Eros'un öfkesinin dinmesi için genç kız bir süre sessizce bekledi. Duyduğu sesler Eros'un fırlatıp durduğu okların rüzgarı yırtarak çıkarttığı ses ve kuşların muhteşem şarkılarıydı.

Jordan dudağını kemirerek, yakışıklı tanrının söylediklerini düşündü. Hades'in onu neden buraya gönderdiğini bilmiyordu. Gerçekten o kadar özel olduğunu düşünmüyordu. Gökyüzüne bir başka ok fırlayınca bakışlarıyla oku takip etti. Ok gökyüzündeki kuşa çarptığı an parıltılar saçarak kayboldu.

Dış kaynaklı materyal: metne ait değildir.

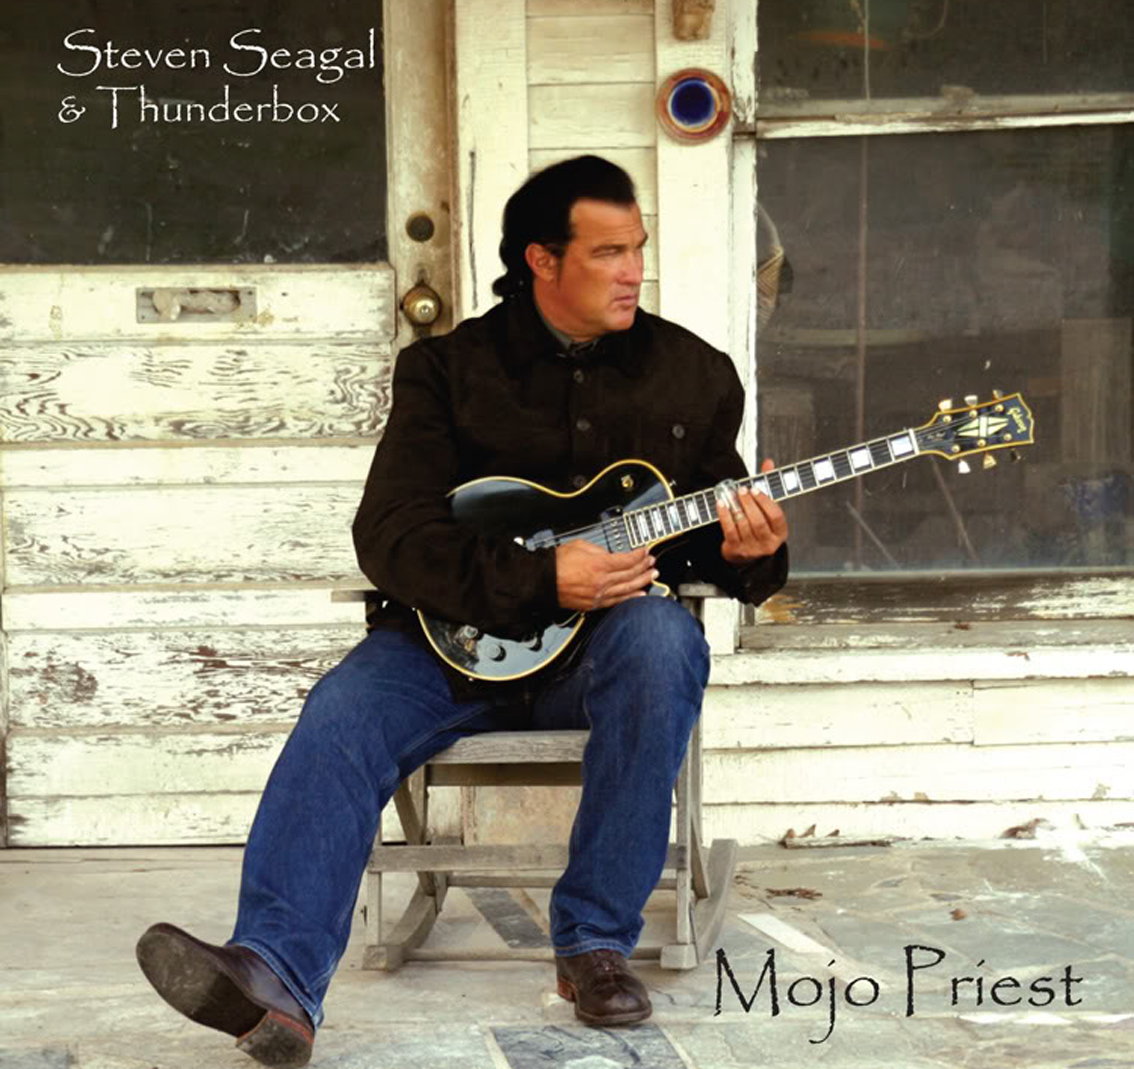 Steven Seagal - Mojo Priest (2006)

Kuş birkaç kez kanatlarını dengesizce çırptıktan sonra kafası ritmik hareketlerle hızla döndü ve ardından ağacın dalındaki dişi kuşu gördü. Dişi kuş hâlâ cıvıldayarak ötmeye devam ediyordu. Havadaki kuş hızla yanına gelip konduğunda dişi kuş sustu. İki kuşun çiftleşmeye başlamasıyla Jordan yüzünü buruşturdu. Yanındaki yakışıklı tanrı kahkahalarla gülerken bakışlarını ona çevirdi.

''Bu seni mutlu mu ediyor? İğrenç ve sahte! Sadece kıçına yediği oktan dolayı çiftleşiyorlar. Anlık bir dürtü.'' dedi genç kız daha fazla dayanamayıp. 

Çekici tanrı, her zaman arzu dolu olan bakışlarını Jordan'a çevirdi. Çapkın bir şekilde kaşlarından birini kaldırdı. ''Ben Eros'um kurt kız. Benim işim bu.'' dedi ve tekrar kıkırdadı.

Genç kız gözlerini kısarak Eros'u tekrar süzdü. ''İnanılmaz derecede birine benziyorsun. Ama kime benzediğini çıkartamadım.'' dedi sitemle homurdanarak. Zihni yeterince düşünceyle boğuşuyordu. Ancak onu birine benzetiyordu. Fiziksel olarak diğer tanrılardan hiçbir farkı yoktu. Tıpkı onlar gibiydi. Belki de bu nedenle birine benzediğini üşünüyordu.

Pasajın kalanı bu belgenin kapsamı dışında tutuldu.